Autogenous repair for these hernias have a recurrence rate of up to 40%. For this reason, only the smallest of defects in the non-overweight patient should be repaired without mesh.9 Many of these patients, especially with the obesity epidemic, are large, and have large hernias, and are best served with a mesh-based repair. As with all ventral hernias, it is most important to have a large piece of mesh behind the defect for long-term success. This is difficult to do with these hernias with the older traditional meshes, because they require a large incision—much larger than the hernia itself—to place them behind the defect.

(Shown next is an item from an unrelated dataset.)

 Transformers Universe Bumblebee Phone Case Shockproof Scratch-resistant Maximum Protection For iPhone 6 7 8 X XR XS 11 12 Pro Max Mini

Until recently, the best way to get a large mesh behind the defect was by doing a laparoscopic repair, and this remains the best option for large defects. However, in the last two to three years, a good option for the majority of these hernias is the new Ventralexâ patch described in the previous section on combination meshes. This mesh is available in a small (4.3 cm) and medium (6.4 cm) size well-suited for the vast majority of epigastric and umbilical hernias. The mesh can be placed intraperitoneally through a small incision, and results in the mesh being behind the defect with a good amount of mesh overlap beyond the hernia borders.

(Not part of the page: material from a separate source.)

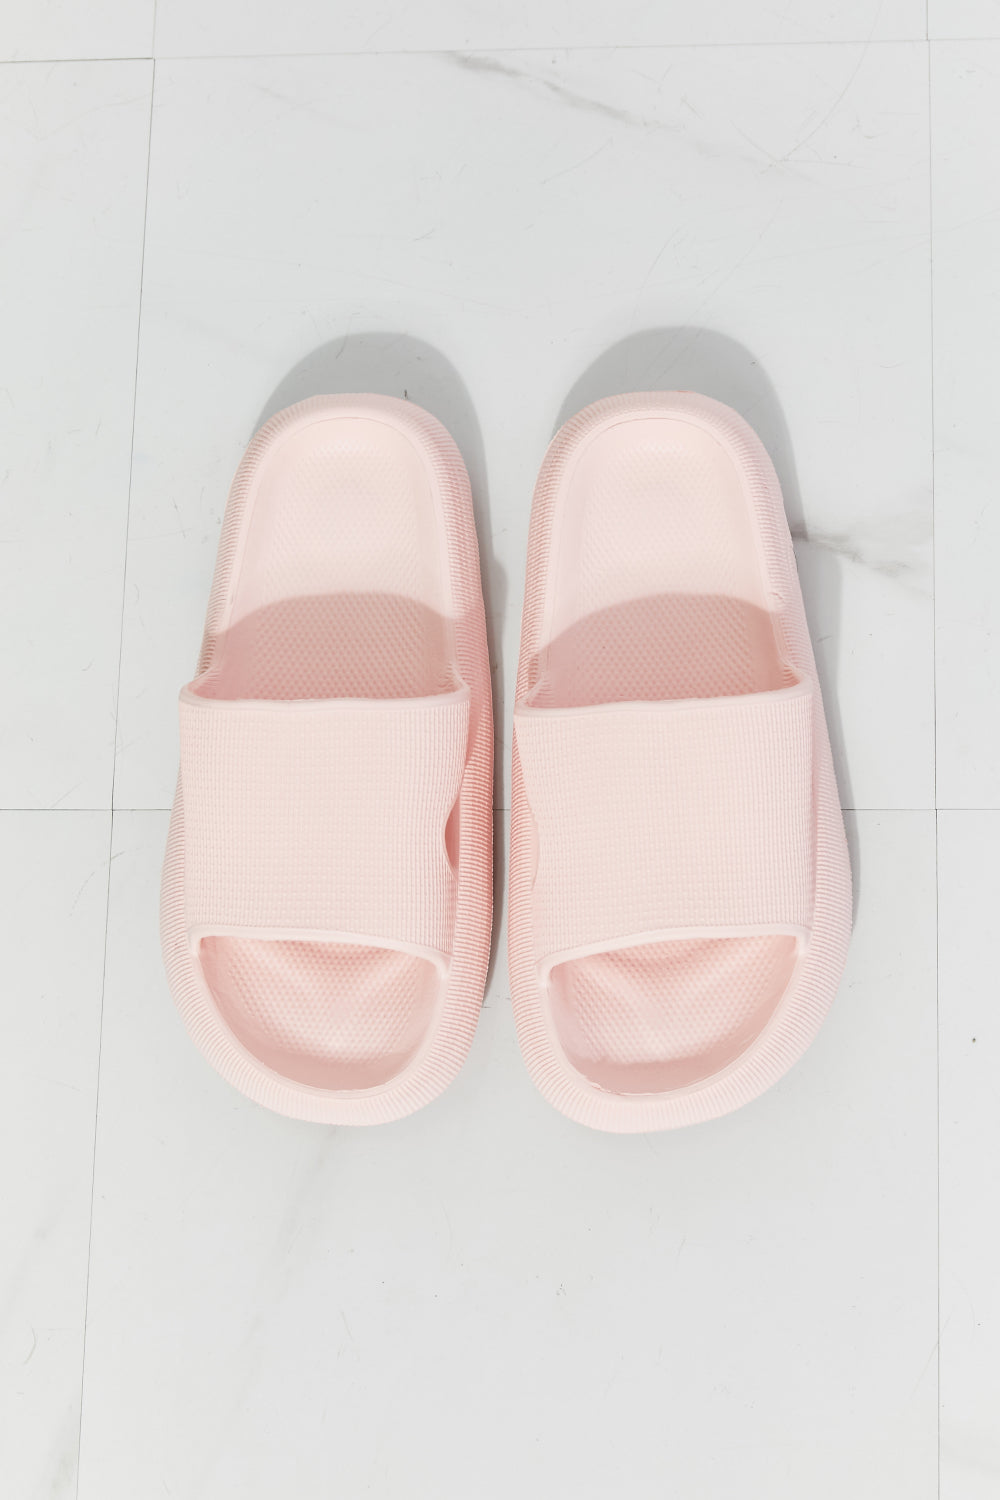 Light Gray MMShoes Arms Around Me Open Toe Slide in Pink Clothing

Our technique differs from the one suggested by the company in that the fat is dissected off the fascia to get back into good healthy fascia 3 cm-5 cm from the edge of the defect 360°. Polypropylene “U” stitches are placed at the 12, 3, 6, and 9 o’clock positions to anchor the mesh. The fascial edges are closed over the mesh to protect it from wound problems. The postoperative pain is less than the laparoscopic approach and in more than 130 repairs to date, the only complications the authors have seen are two infections that required mesh removal. The one disadvantage to the repair is that the PPM in the patch is heavy-weight PP, but it is only a small amount and we have not seen any chronic pain problems to date.